For contrast, Figure 2 shows the same information for a triTVaR that is not SBM and not DSBM, which is the usual failure mode. Figure 3 shows the most common case, where \(g\) is SBM. Observe that there are no solutions \(\eta(s)=\eta(t)\) for \(s\not= t\) (facet \((1,2)\)) and hence no interior turning points for \(h\) (confirmed in facet \((4,1)\)). You can tell this is the “generic” case because it worked for the first set of round number parameters I tried!
| s | gs | a | b | eta- | eta+ |
|---|---|---|---|---|---|
| 0.05645736 | 0.1748434 | 3.096911 | - | 1 | 0.3392686 |
| 0.5938615 | 0.7394856 | 1.050684 | 0.1155245 | 0.8437772 | 0.6201739 |
| 0.9312061 | 1 | 0.7722501 | 0.280876 | 0.719124 | - |
| 1 | 1 | - | 1 | - | - |
| s | gs | a | b | eta- | eta+ |
|---|---|---|---|---|---|
| 0.25 | 0.5833333 | 2.333333 | - | 1 | 0.5714286 |
| 0.5 | 0.9166667 | 1.333333 | 0.25 | 0.7272727 | 0.1818182 |
| 0.75 | 1 | 0.3333333 | 0.75 | 0.25 | - |
| 1 | 1 | - | 1 | - | - |
Conclusion: a happy and productive collaboration
This investigation ends with a negative result (the conjecture is false), but it is not wasted effort.
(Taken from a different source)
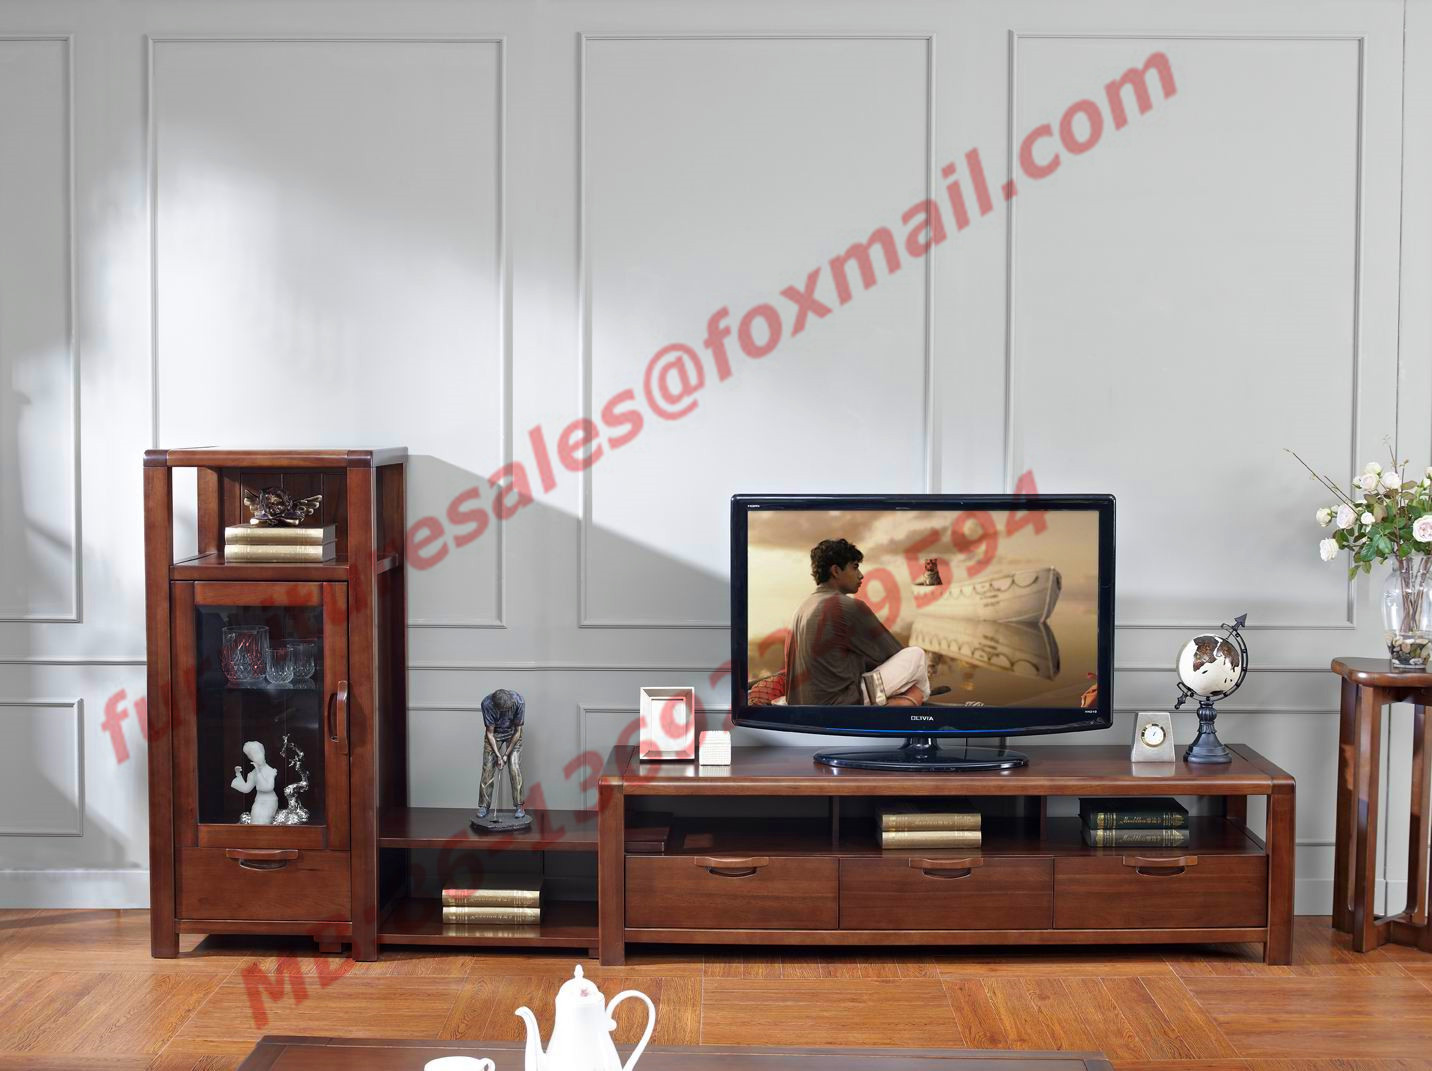 China Wooden Combination Cabinet in Living Room Furniture wholesale

The process yields:
- an exact, efficient algorithm to compute \(\max h\) for piecewise-linear distortions,
- a clear geometric picture of \([0,1]^2\) partitioned into knot regions with bilinear \(h\) on each,
- an explicit understanding of where maxima can occur:
- at knot grid points,
- at hyperbola–knot-line intersections,
- at stationary points on hyperbola arcs where \(\eta(s)=\eta(t)\),
- the hyperbola parameterization \(s=u e^x,\ t=u e^{-x}\) that makes symmetry and structure visible,
- and a practical caution: naïve Monte Carlo search can confidently return the wrong answer because the positive region of \(h\) may be extremely thin.
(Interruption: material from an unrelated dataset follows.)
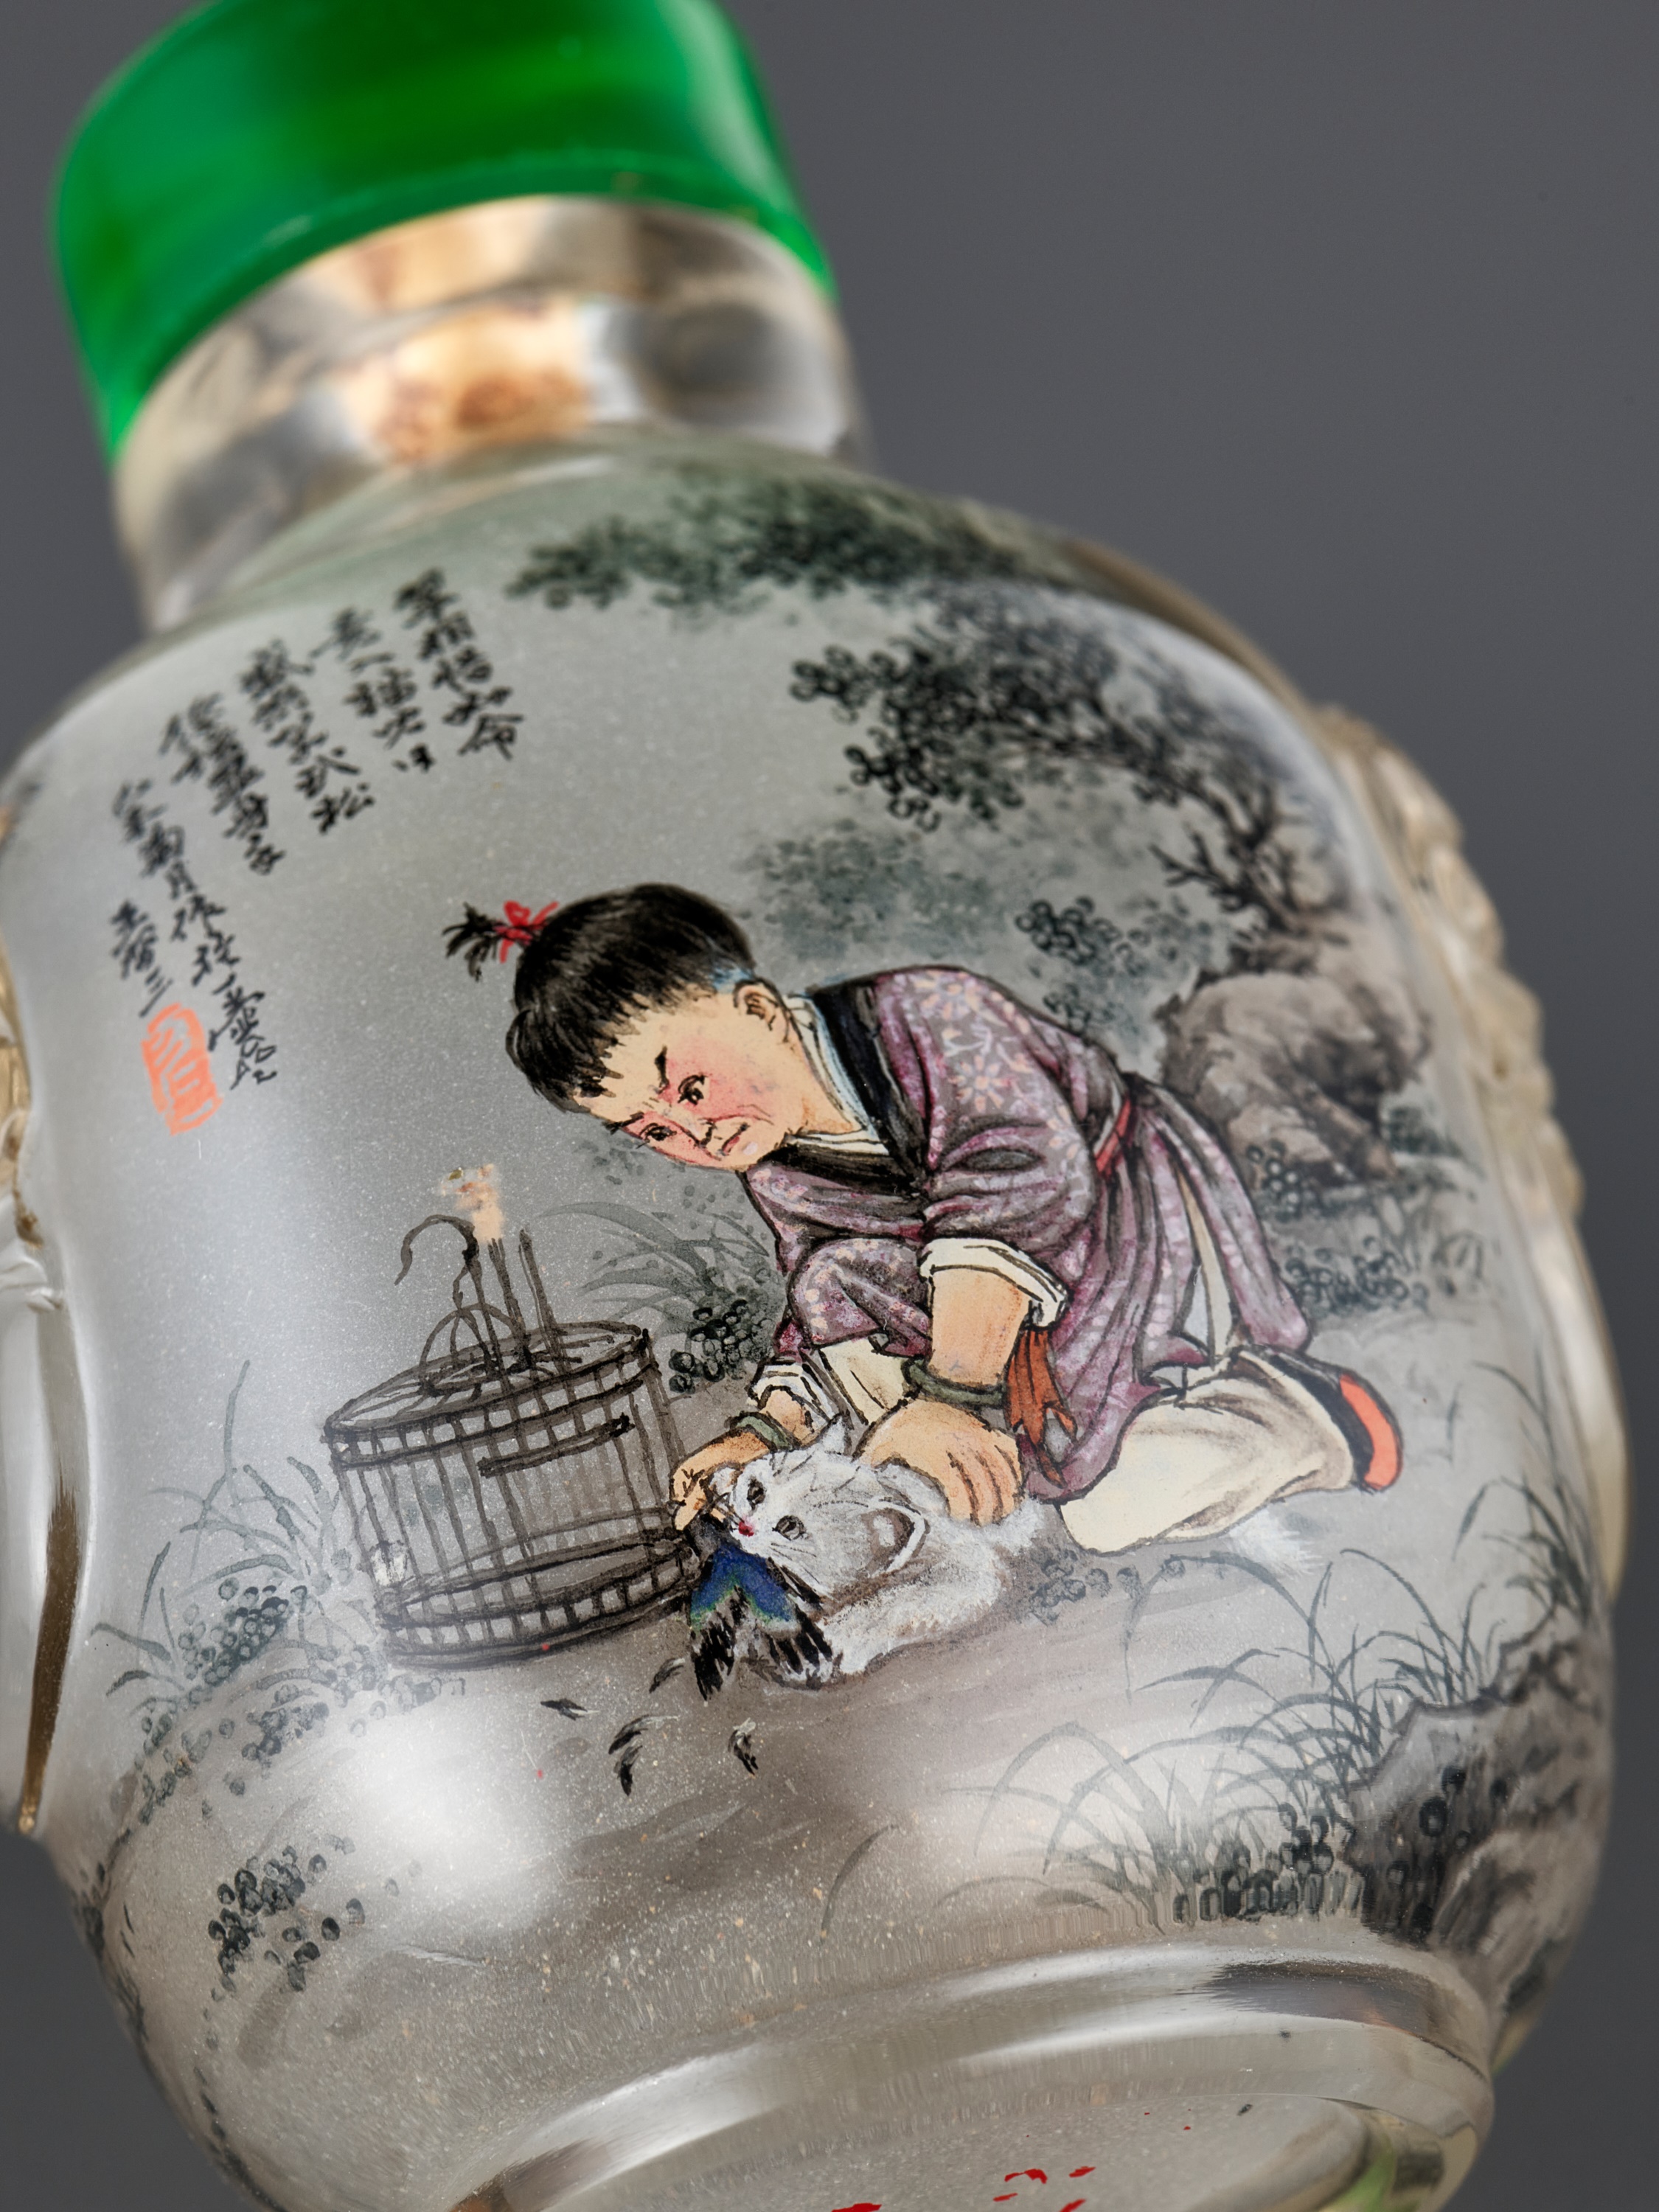 Lot 72 - AN INSIDE-PAINTED GLASS SNUFF BOTTLE, BY WANG

A final remark on the “man-machine” collaboration: the most productive part of the collaboration was a steady reduction of the problem to its essential structure, followed by an exact method to produce counterexamples. During the process, I used Gemini 3 and GPT 5.2 Thinking in “extended thinking” mode. GPT was especially helpful. It is noteworthy that GPT never over-reached. It kept reducing and saying, “If you can prove this, then…” but it never claimed a false proof.